Se sei presidente di una associazione di volontariato qualche tema potrebbe averti sollecitato una riflessione. Innanzitutto la nomina alla carica, che quasi mai, come sappiamo, avviene dopo esplicita e spontanea candidatura. Quando sei in odore di presidenza, senti una rete di rapporti che ti si tesse intorno, vedi cose strane, mosse e contromosse che ti porteranno a brindare al nuovo presidente scoprendo solo in quel momento che il festeggiato sei proprio tu. Il narciso che c’è in te come in tutti noi ti ringrazierà per questa nomina che segna solo l’inizio di un lungo percorso. L’apprendimento è garantito, proprio come nel caso degli sciamani: gli spiriti ti ruberanno temporaneamente l’anima, te la polverizzeranno e te la restituiranno con tanti auguri per quello che ci vorrai fare. Più di una consistente psicoterapia, più di molti anni di scuola, l’esperienza di presidente ti trascinerà per terre sconosciute ma farai ritorno, non temere!
Alla fine ne uscirai ricchissimo (non di soldi ovviamente!) di momenti e capacità che forse mai avresti pensato di vivere o di poter maturare insieme ad altri.

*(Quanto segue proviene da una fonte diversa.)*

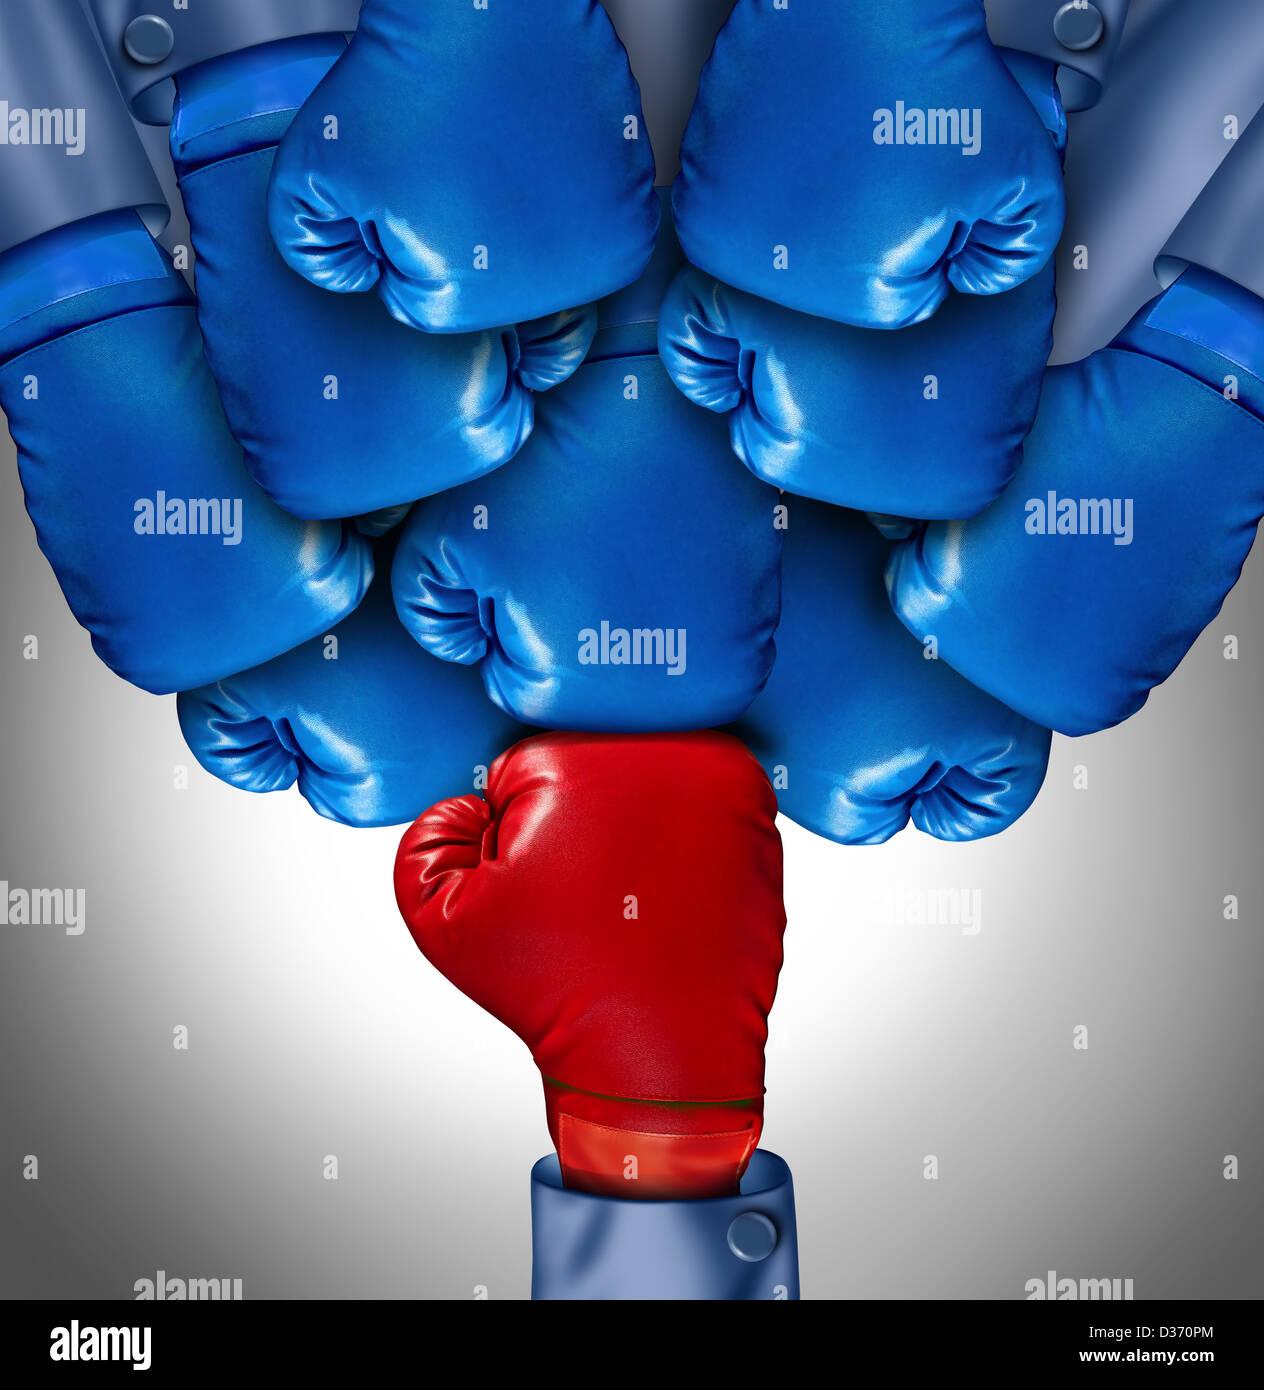 Widrigkeiten zu überwinden und Herausforderungen als eine Gruppe von blauen Boxhandschuhe ganging bis auf einen Stockbild

Perché l’immateriale che maneggiano i presidenti delle associazioni di volontariato, quello spazio tra terra e cielo, è fatto di tutta quella voglia di esserci, di rendersi disponibili, di essere riconosciuti dal mondo che solo lo spazio pubblico ti può restituire in maniera così intensa. A differenza degli sciamani potrai abbandonare la carica ma sarà mera formalità perché quel passaggio ti resterà sempre nel cuore!